# CLUSTERING Snippets e Scheletro

## 1. Elaborazione dei Dati

### Import e preparazione delle strutture dati

In [None]:
# Imports
import pandas as pd
import numpy as np
import seaborn as sns
import matplotlib.pyplot as plt

# Variables
file_name= 'File_Name.csv'
file_name_2 = 'File_Name_2.csv'
separator = 'Separator'
random_state = 42
target = 'Class_Target'

# Directives
%matplotlib inline
np.random.seed(random_state)


### Caricamento delle strutture dati

In [None]:
# Load file (Prima riga ci sono le label e la prima colonna ha gli indici)
df = pd.read_csv(file_name, delimiter = separator, header = 0, index_col = 0)

# Load file (DataSet senza label e indici)
df = pd.read_csv(file_name, delimiter = separator, header=None, index_col=None)

# Load file (DataSet con names)
df = pd.read_csv(file_name, delimiter = separator, header=None, index_col=None, names=['colonna1', 'colonna2'])

# Load data from a .txt file
text = np.loadtxt(file_name, delimiter = separator)
df = pd.DataFrame(text)


### Mostra dei dati (SIZE, DESCRIBE, BOXPLOT, PAIRPLOT, CORRELATION MATRIX)

In [None]:
# Show the DataFrame (All)
df

# Show Structure
df.describe()

# Show the head of the dataframe
df.head()

# For each column show the frequencies of each distinct value
np.unique(df, return_counts = True)

# Show the number of rows and columns
print(f"There are {df.shape[0]} rows and {df.shape[1]} columns in this dataset")

# Show Shape
print ("The shape is: {}".format(df.shape))

# Show the size of the dataframe
print(f"The dataframe has size: {df.size}")

# Pairplot (relazioni fra attributi rispetto al target)
# NON TIENE VALORI STRINGHE (NO ERRORI)
sns.pairplot(df, hue = target)

#come selezionare colonne : selezionata colonna 1 e 2
pippo = X[[1,2]]
pippo
sns.pairplot(pippo)



# Boxplot (trovare Outliers)
# NON TIENE VALORI STRINGHE (DA ERRORI, DA TOGLIERE)
plt.figure(figsize=(15,15))
pos = 1
for i in df.columns:
        if(type(df[i][0]) != str):
                plt.subplot(4, 3, pos)
                sns.boxplot(df[i])
                pos += 1

# Correlation Matrix
correlation_matrix = df.corr()
sns.heatmap(correlation_matrix, cmap="YlGnBu", annot=True)

#Check the number of rows with missing values
rows_missingvalues = df.isna().any(axis=1).sum()
print("Rows with missing values: {}".format(rows_missingvalues))

# Histogram of numeric data
pd.DataFrame.hist(df, figsize=[15,15]);

# Histogram of the column target (even if a string)
df['target'].hist()

# Scatter Plot (X column 0 and Y column 1 of df)
sns.scatterplot(x=focus[0], y=focus[1], data=df, hue="target")


### Esempi di Commenti sui grafici dei dati

In [None]:
# The boxplots show that there are no outliers, the distribution of 0 and 3 is very similar.
#  1 and 2 have a similar median value but different distribution of values.

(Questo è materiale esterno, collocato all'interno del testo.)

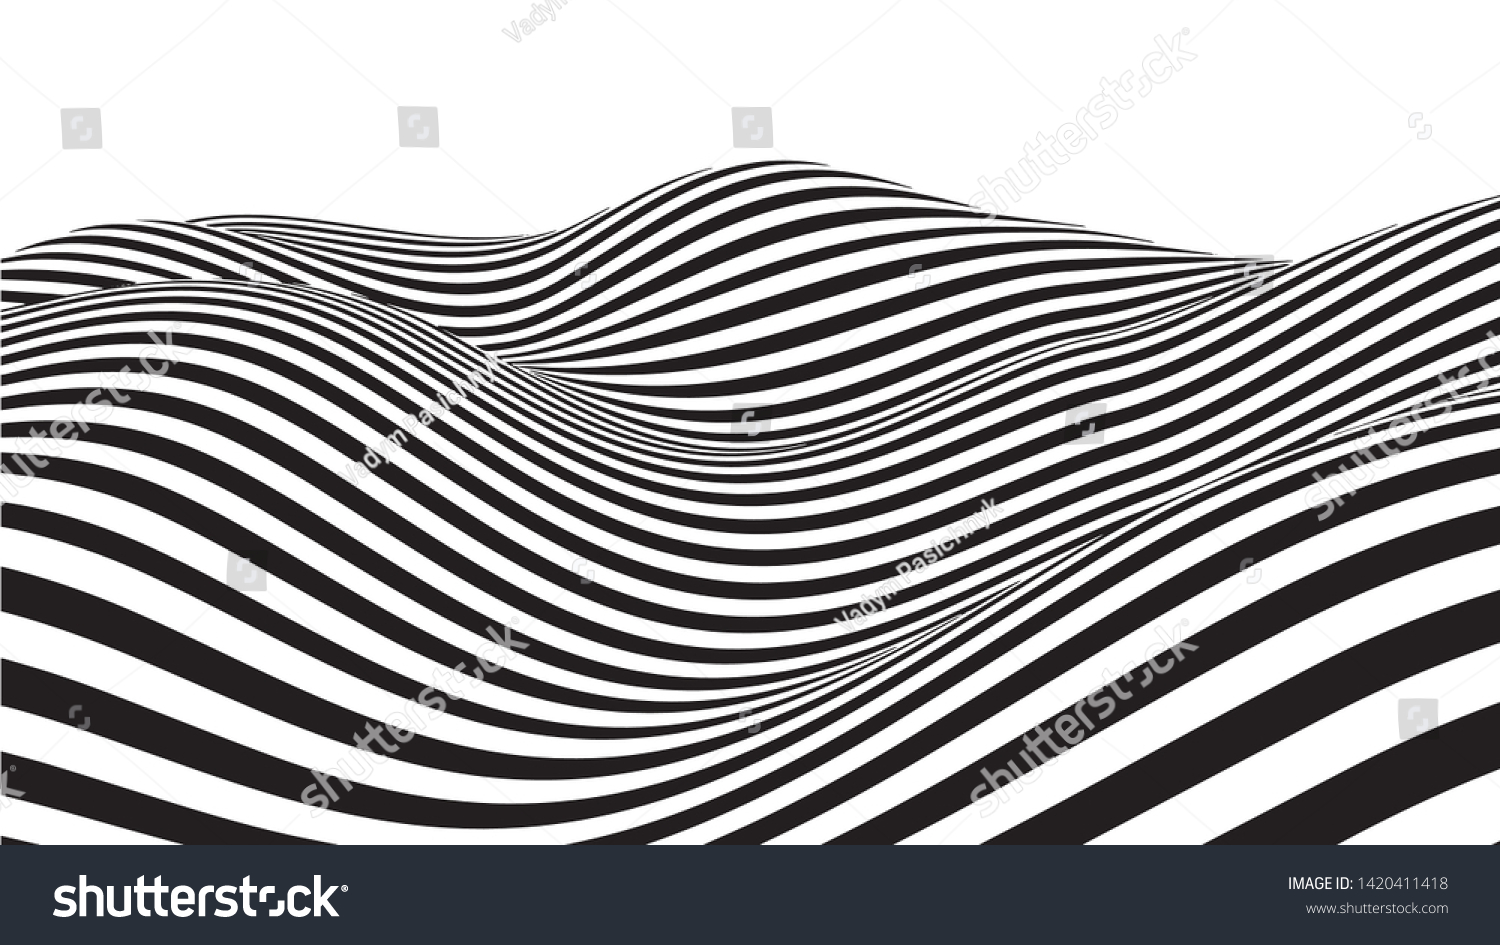 錯視波 抽象的な3d白黒のイラスト 波状の歪み効果を持つ 横線の縞模様または背景 ベクターイラスト のベクター画像素材 ロイヤリティフリー

There doesn't seem to be any particular situation showing.

# From the pairplot it is clear that the columns 1 and 2 tend to form quite distinct clusters. They're probably our best bet for our clustering efforts.

# Column 1 and 2 are the most interesting attribute. !!! 1 e 2 sono gli attributi piu' facilmente separabili

# Both the silhouette scores and the inertia elbow suggest that the best number of clusters is 4,  !!! Quando si stampa silhouette e inertia
# which is in line with what we were expecting, given the initial pairplots

# The pairplots don't seem to show any particular pattern in the data.




### Modifica del DataSet

In [None]:
# Merge the two dataframes with the 'outer' how, as to perform a SQL-like full outer join
# on the two indexes, adding suffixes as requested (default option)
# (Entrambi hanno Indici e prima riga Label da differenziare Target)
df = first_df.merge(second_df, how = 'outer', left_index = True, right_index = True, suffixes = ('_x', '_y'))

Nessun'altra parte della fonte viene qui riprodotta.